网上有太多介绍融合的文章,不过我看完还是一头雾水,决定不在这里班门弄斧了,大家还是bing的好。
1. 模型建立
1.1 建立一个用于比较的线性回归模型
def build_model_lr(x_train, y_train):
reg_model = linear_model.LinearRegression()
reg_model.fit(x_train, y_train)
return reg_model
1.2 建立三个用于融合的模型
1.2.1 GBDT:梯度提升决策树模型
def build_model_gbdt(x_train, y_train):
gbdt = GradientBoostingRegressor(learning_rate=0.1,
loss='ls',
subsample=0.85,
max_depth=5,
n_estimators=100)
gbdt.fit(x_train, y_train)
return gbdt
1.2.2 一般比赛中效果最为显著的两种方法
XGBoost和LightGBM
def build_model_xgb(x_train, y_train):
model = xgb.XGBRegressor(n_estimators=120,
learning_rate=0.08,
gamma=0,
subsample=0.8,
colsample_bytree=0.9,
max_depth=5)
model.fit(x_train, y_train)
return model
def build_model_lgb(x_train, y_train):
gbm = lgb.LGBMRegressor(learning_rate=0.1, num_leaves=63, n_estimators=100)
gbm.fit(x_train, y_train)
return gbm
2. 训练和预测
2.1 线性回归模型的训练、预测
## Train and Predict
print('Predict LR...')
model_lr = build_model_lr(x_train,y_train)

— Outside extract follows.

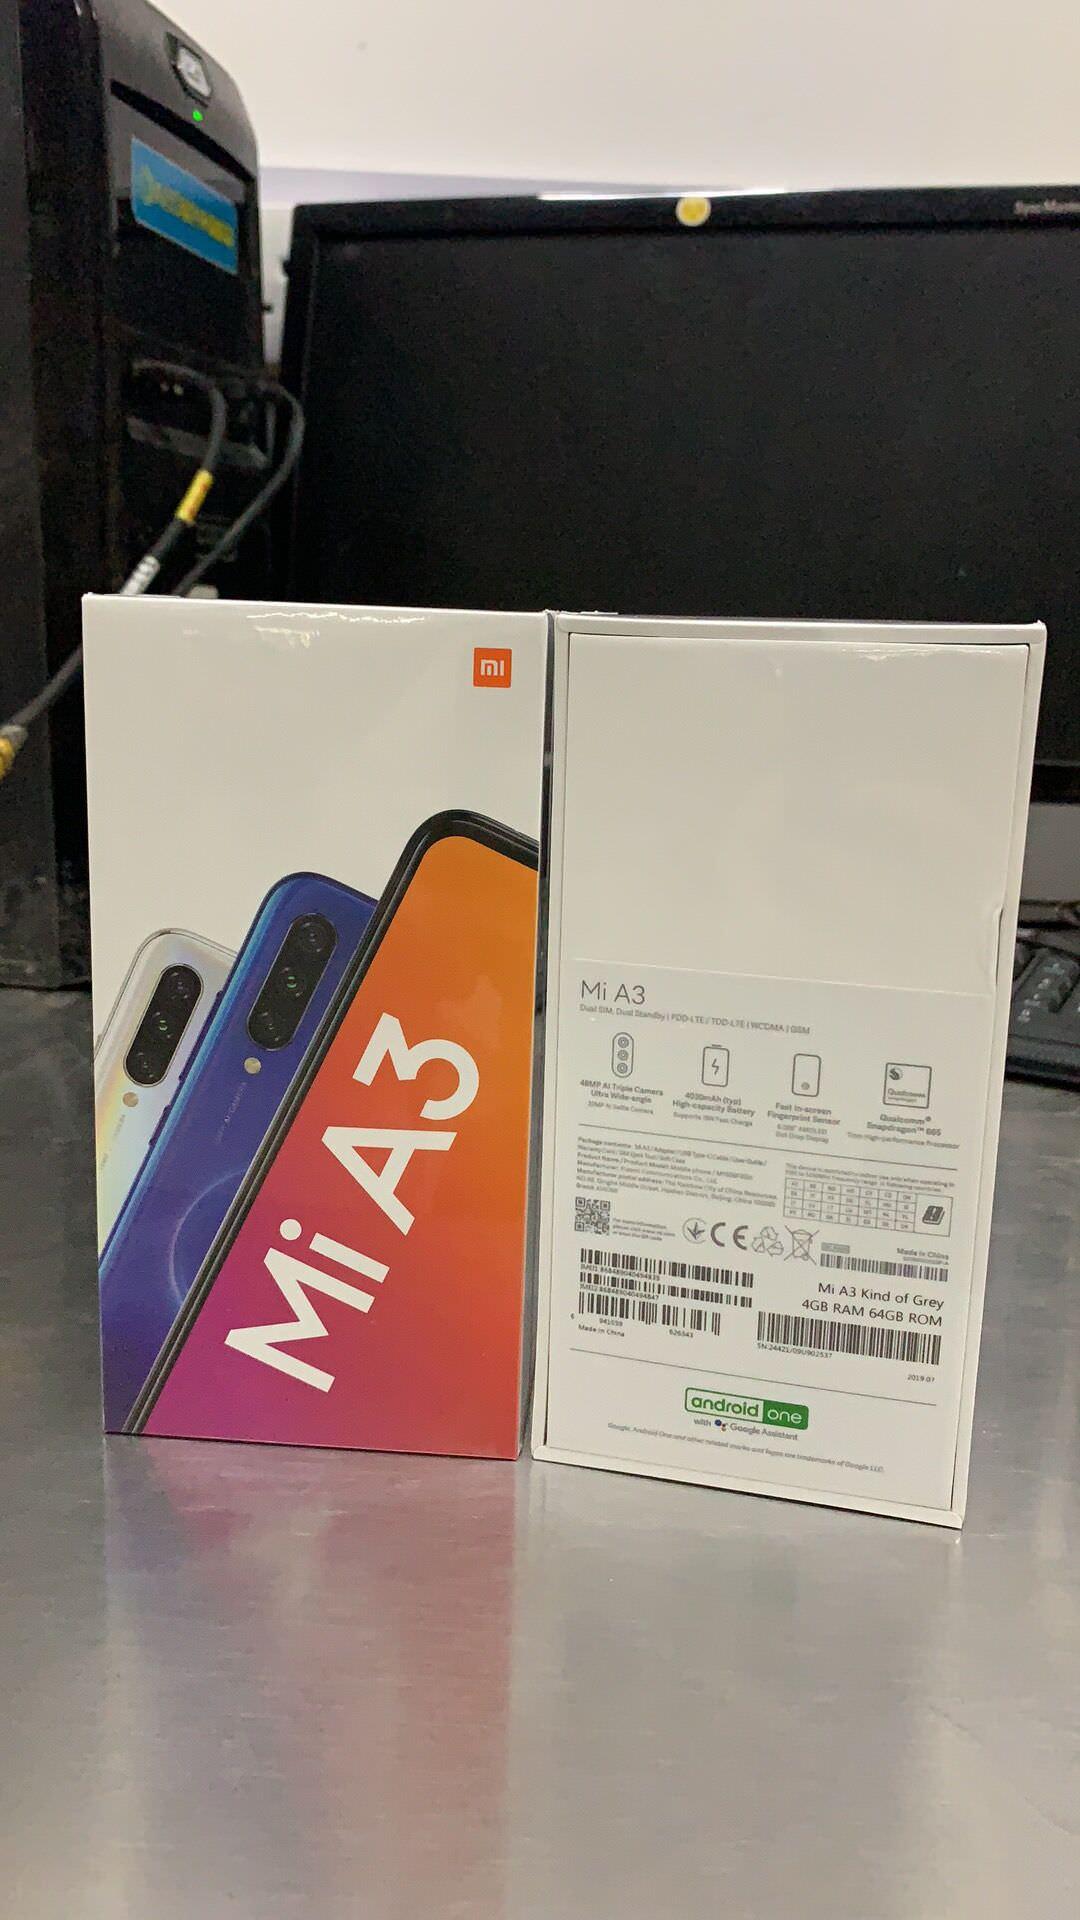 xiaomi mi a3 smartphone 4gb/64gb

val_lr = model_lr.predict(x_val)
subA_lr = model_lr.predict(X_test)
LR的MAE是2582,是很高的。
2.2 GBDT的训练和预测
print('Predict GBDT...')
model_gbdt = build_model_gbdt(x_train,y_train)
val_gbdt = model_gbdt.predict(x_val)
subA_gbdt = model_gbdt.predict(X_test)
MAE_gbdt = mean_absolute_error(y_val, val_gbdt)

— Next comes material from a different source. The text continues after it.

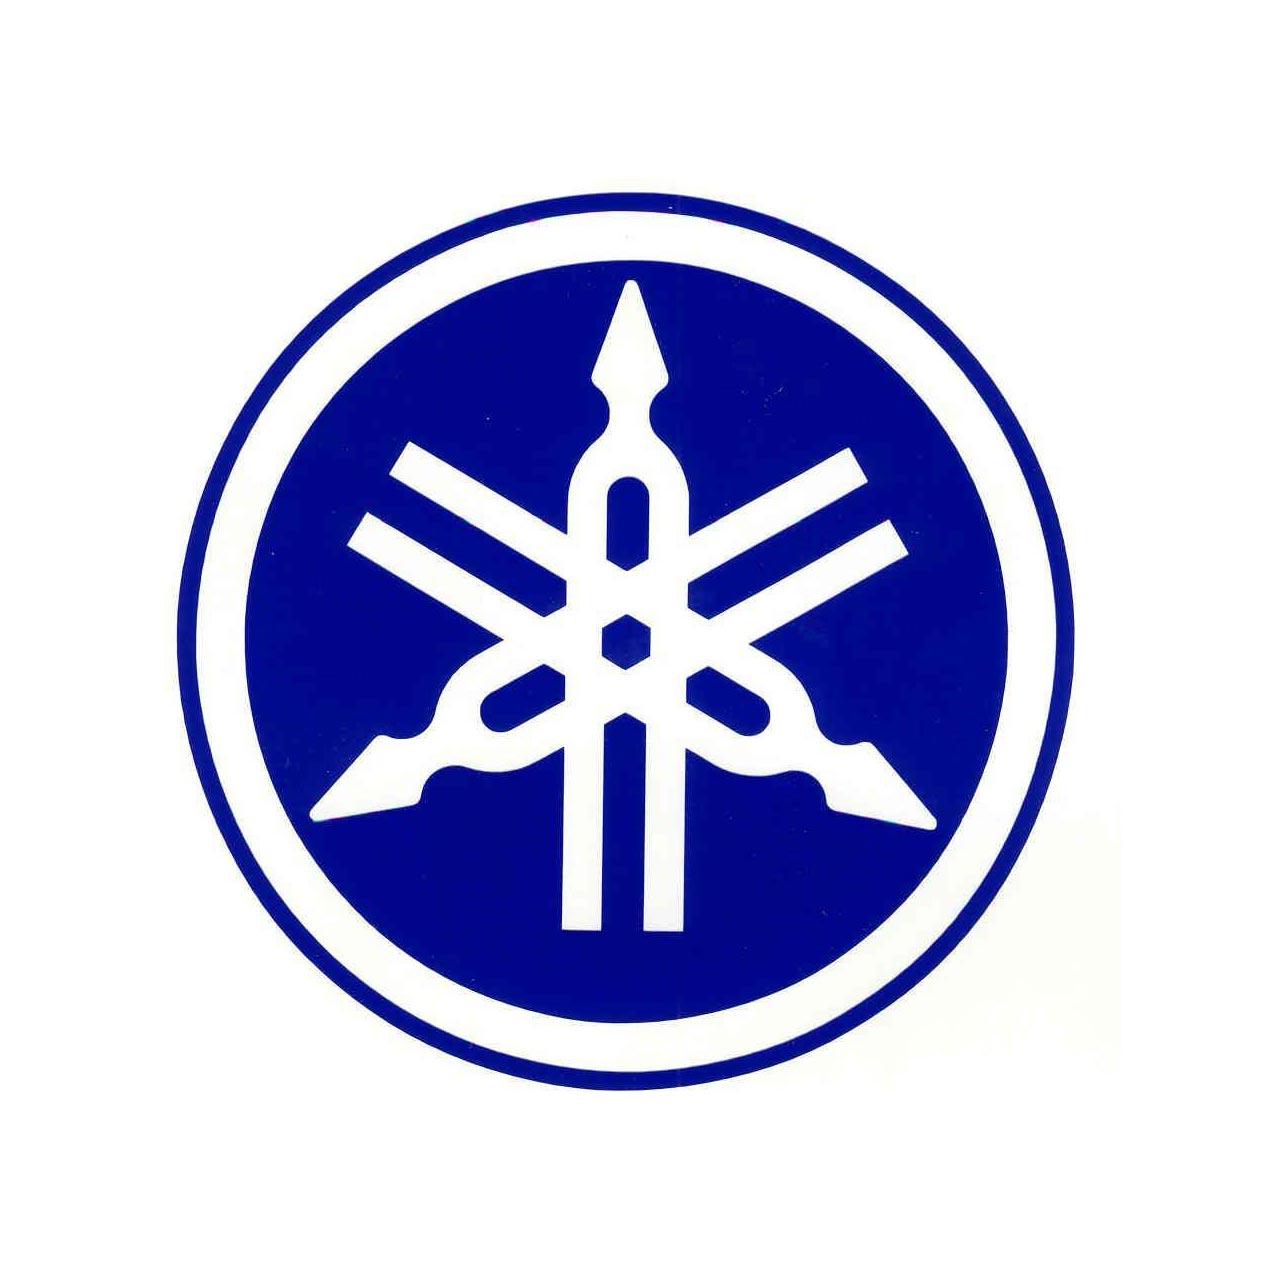 yamaha logo free2pngcom - photo #20

print('MAE of val with LR:', MAE_gbdt)
GBDT的MAE是770,GBDT的训练时间最长,大约是50秒,其它的模型都是10秒以内。
2.3 XGB和LGB的训练和预测
print('predict XGB...')
model_xgb = build_model_xgb(x_train,y_train)
val_xgb = model_xgb.predict(x_val)
subA_xgb = model_xgb.predict(X_test)
MAE_xgb = mean_absolute_error(y_val, val_xgb)
print('MAE of val with xgb:', MAE_xgb)
XGB的MAE是772.
print('predict lgb...')
model_lgb = build_model_lgb(x_train,y_train)
val_lgb = model_lgb.predict(x_val)
subA_lgb = model_lgb.predict(X_test)
MAE_lgb = mean_absolute_error(y_val, val_lgb)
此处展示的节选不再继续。